I don't know why I let her comment get to me. Maybe it was leftover pregnancy hormones swimming through my veins, the start of some baby blues, or normal insecurity issues of a typical new nineteen-year-old mom. But tears immediately filled my eyes. I turned back to my child, small and helpless, fighting for her life, and the floodgate opened even more.

What the hell did I think I was doing?

I'd gone into this with my usual fake confidence, thinking sure I could raise a kid. Millions of women popped out babies every year. Why would I have a problem with it? And look, I'd almost gotten Skylar killed.

I sobbed even harder, my chest heaving. I had to pull my hand free of Skylar's incubator and bury my face in both my palms to muffle the gut-wrenching sounds so I wouldn't wake her.

She was here, like this, because I was unfit, because—

"Hey," a cheerful voice interrupted my pity party. "Well, looks who's up and out of bed already."

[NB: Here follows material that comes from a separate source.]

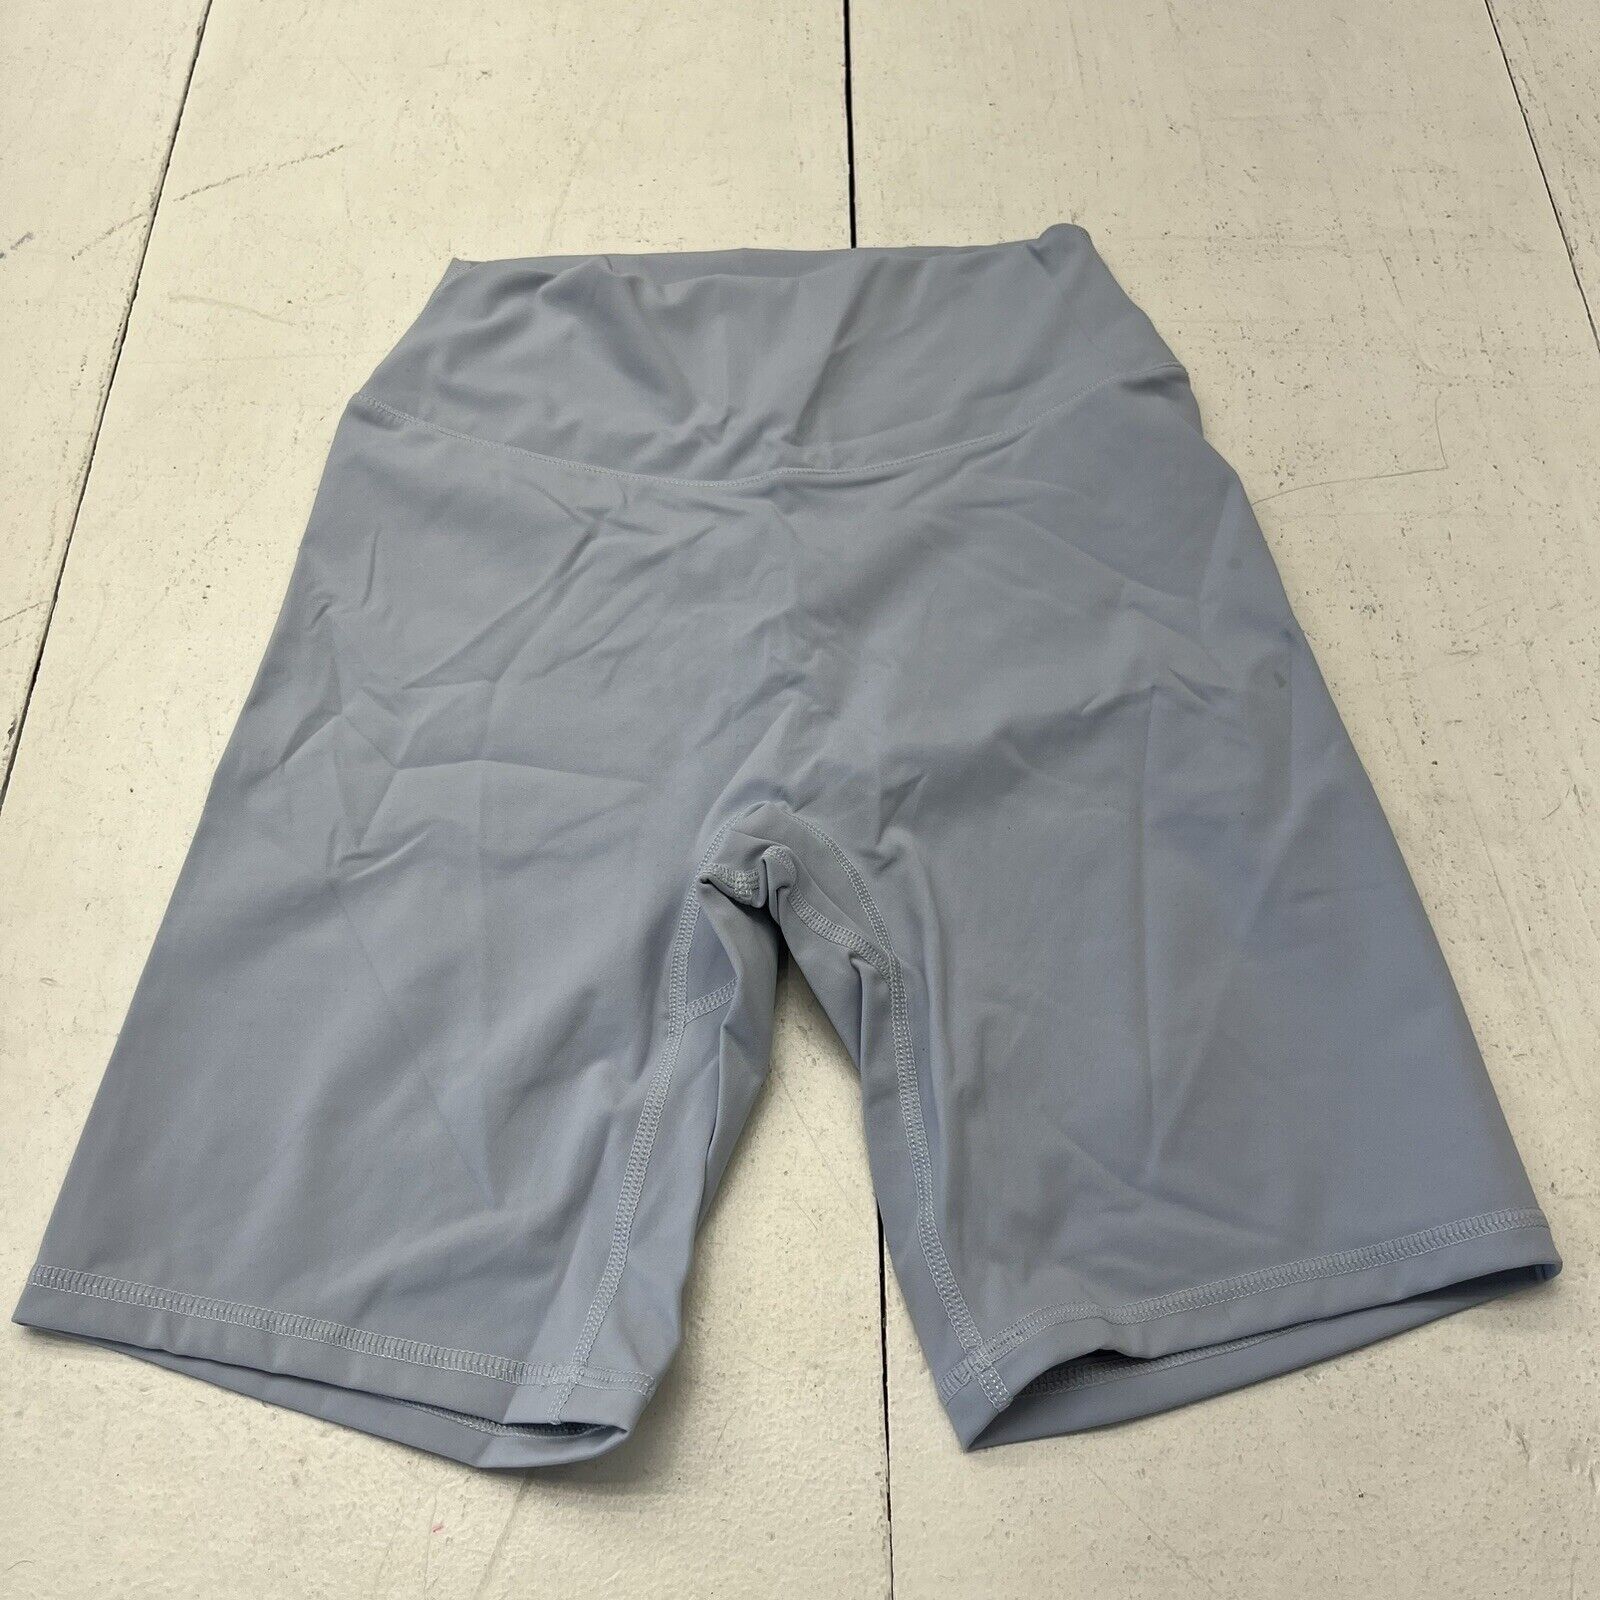 Sunzel Light Blue 8” Biker Shorts Women's Size Small NEW - beyond

He sounded so relieved and happy. I turned to look up at Pick. He stood in the doorway with the biggest grin and a pink gift bag dangling from his hand. When he saw my face, his smile dropped flat.

"What's wrong? Skylar?" He dropped the bag as he hurried to the incubator.

The worry on his face warmed my heart and helped calm my tears. "No, she's okay. Getting better every day."

A heavy sigh escaped him as he set his hand on the clear plastic separating him from my daughter. "Thank God."

I blinked, still in awe over how worried he'd been. "How did you get back here?" They hadn't even allowed Reese into the NICU. She still had to look at Skylar through the window in the hall.

"Being a flirt comes in handy sometimes." He finally turned to me and winked. "The nurses love me." His grin was brief though. His worry returned almost immediately as he reached down to pluck me out of the chair. "Now what're all these tears about? You're looking better, by the way. The yellow skin and swollen face scared the shit out of me."

I didn't realize he was going to sit me in his lap until he was already settling me into place. I felt even younger, and stupider than I had when I'd started my crying jag. A silly little girl needing to sit on a nice comforting lap to get over herself.

"I don't know," I mumbled, wiping the drops off my cheeks and feeling lame. "I'm just so . . . overwhelmed." Along with scared, worried, lost, unsure—ugh! What had happened to the cocky Eva Mercer I'd been a year ago? I'd take a nice, big dose of her right now.

Pick chuckled and kissed my forehead, stirring up a nest of butterflies in my stomach. Or maybe it was the staples in the C-section cut that created such a sensation, except I really couldn't feel much in that area. Awesome drugs and all.

Unable to help myself I plunked my head onto his nice, wide comforting shoulder. I mean, he was offering it. I couldn't resist. And it felt good, so amazingly good to let someone hold me for a minute.

"I'm sorry," I started, sniffing up the end of my tears. "Just ignore me. I—"

"No, I will not ignore you. I will never ignore you. You have every reason in the world to have a freak-out moment. Fuck, you just gave birth. That alone would put enough strain on anyone's emotions. Tristy cried for three weeks straight after Julian was born."

I'm sure if he'd looked at me in that second, he would've seen a frown line appear between my eyes. I really didn't want to hear about his wife right now, not when I was snuggled on his lap, letting him comfort me and wishing things from him that he could never give. But I guess it didn't bother me enough to slide off him. It would take the Jaws of Life to get me off Patrick Ryan's lap.